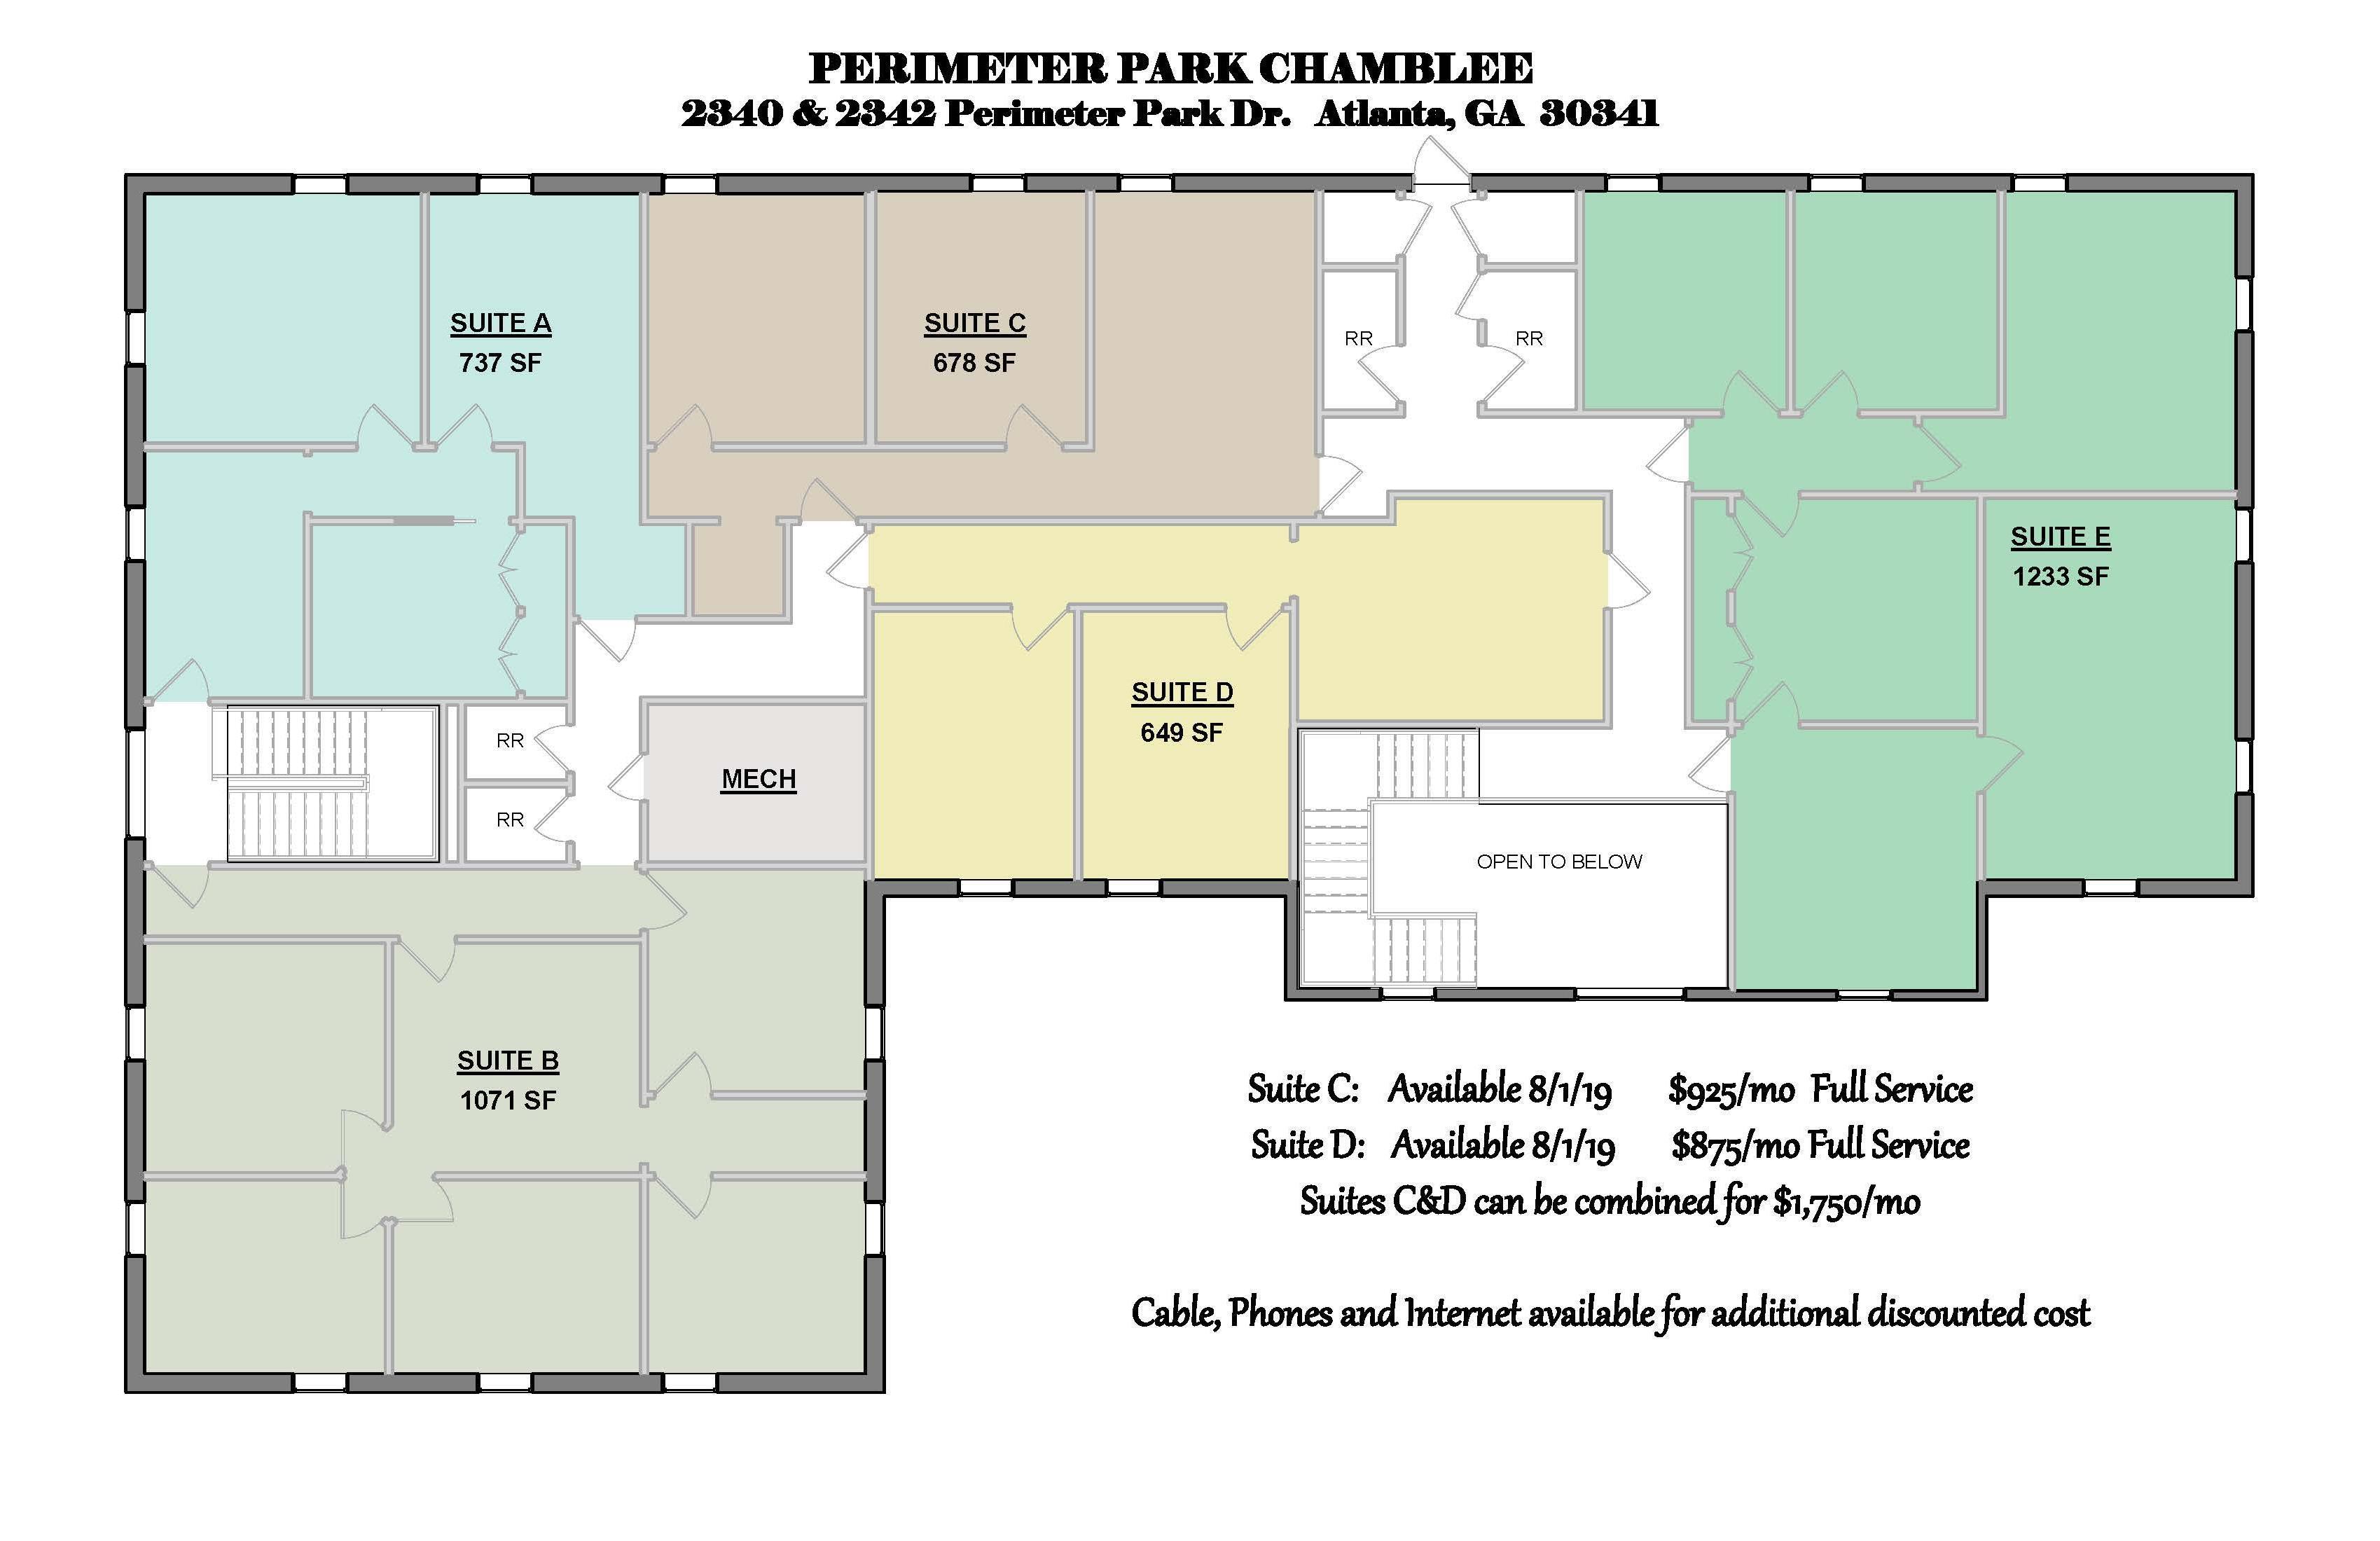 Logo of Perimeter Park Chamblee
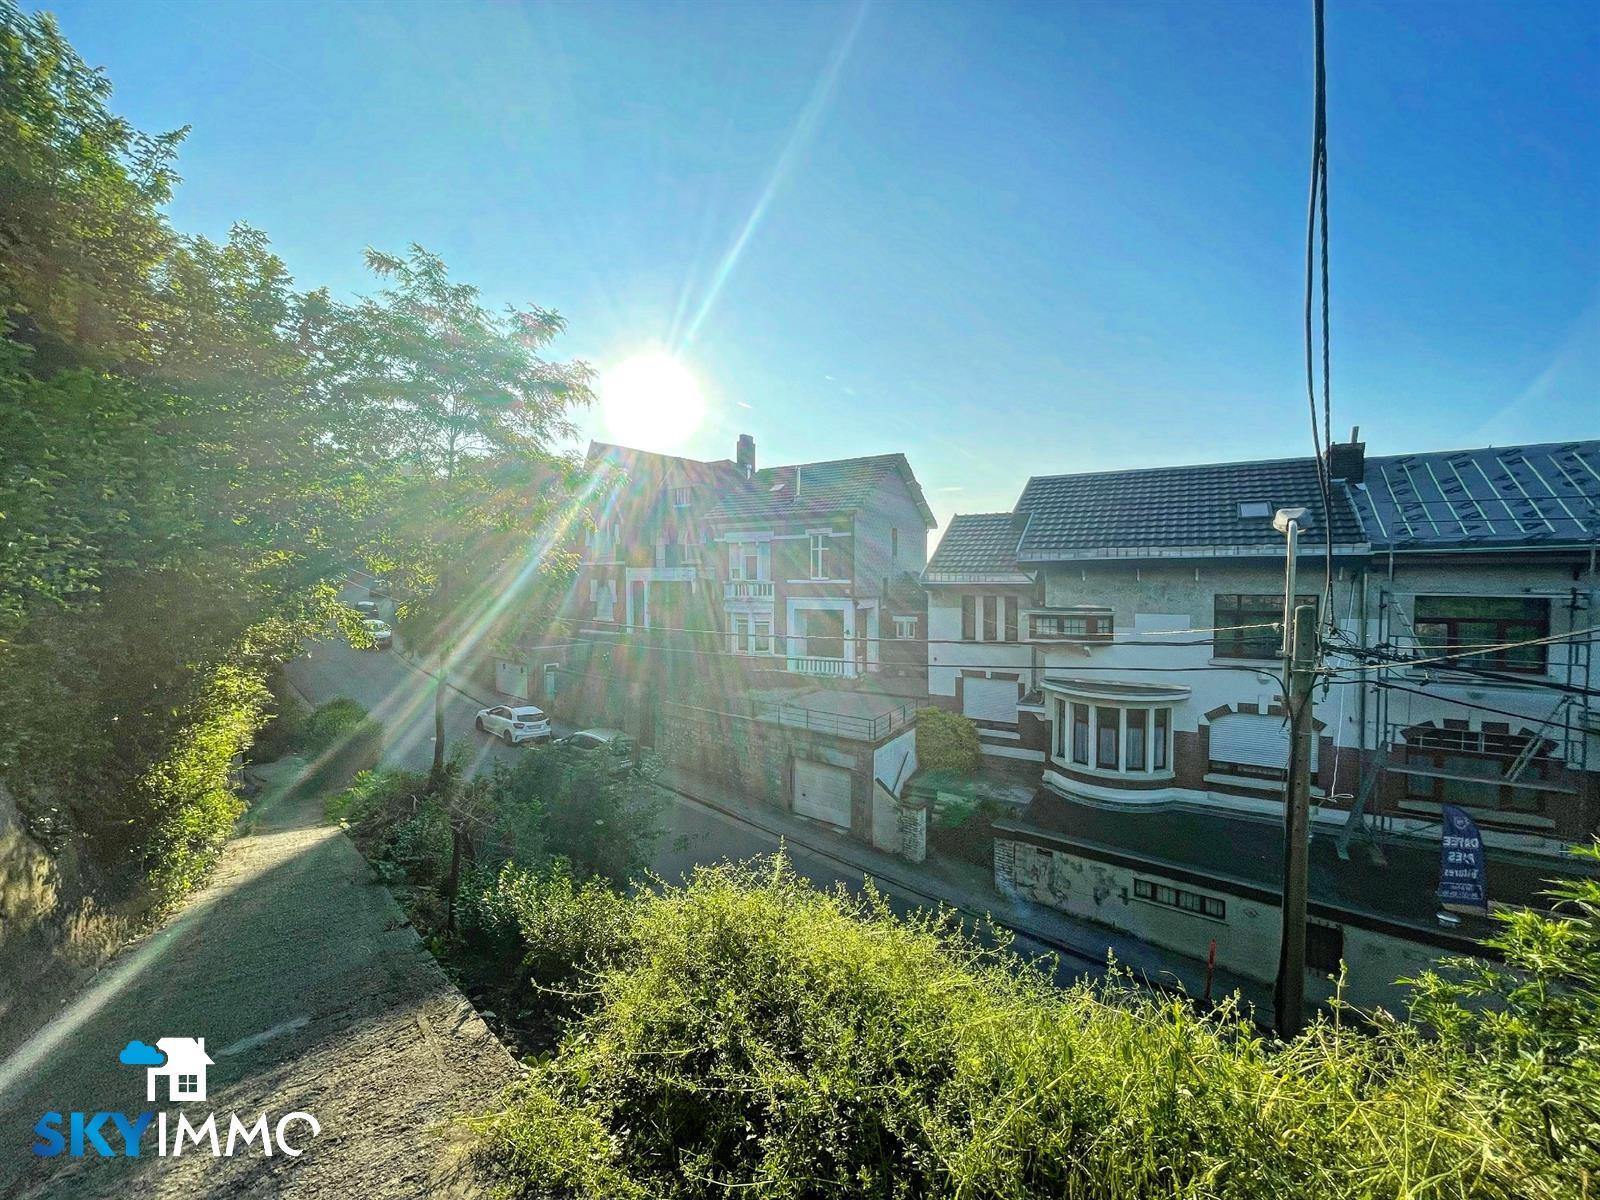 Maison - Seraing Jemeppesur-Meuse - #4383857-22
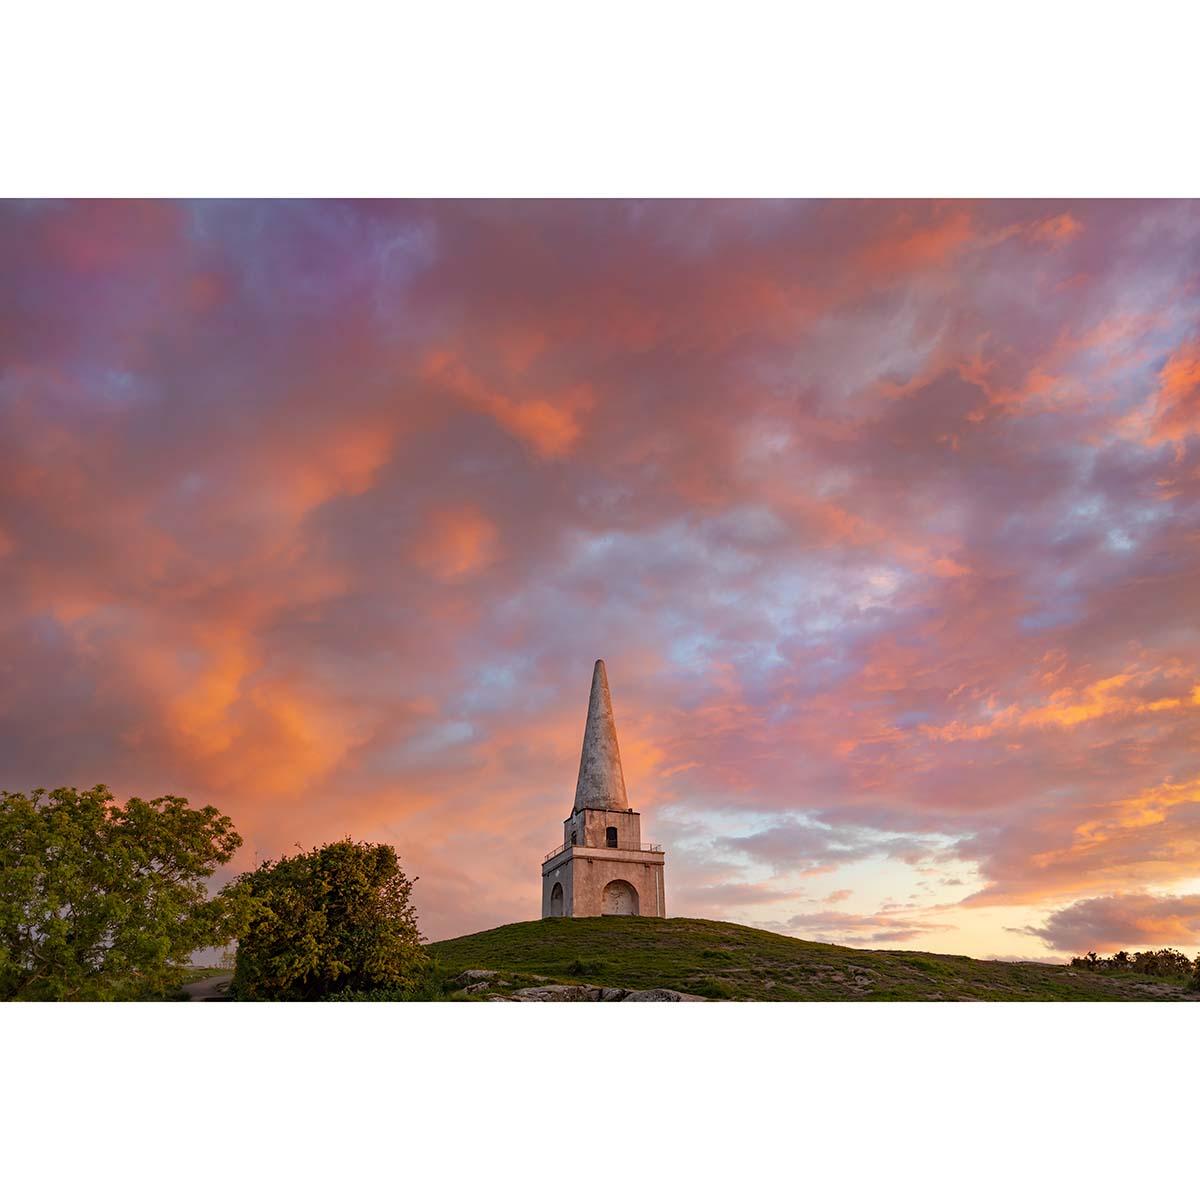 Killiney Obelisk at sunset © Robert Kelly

+ + + + + + +

▸ YOUR ASSIGNMENT
The material above is to be set down exactly, with pictures removed.

▸ ANSWER BOX
 Logo of Perimeter Park Chamblee
 Maison - Seraing Jemeppesur-Meuse - #4383857-22
 Killiney Obelisk at sunset © Robert Kelly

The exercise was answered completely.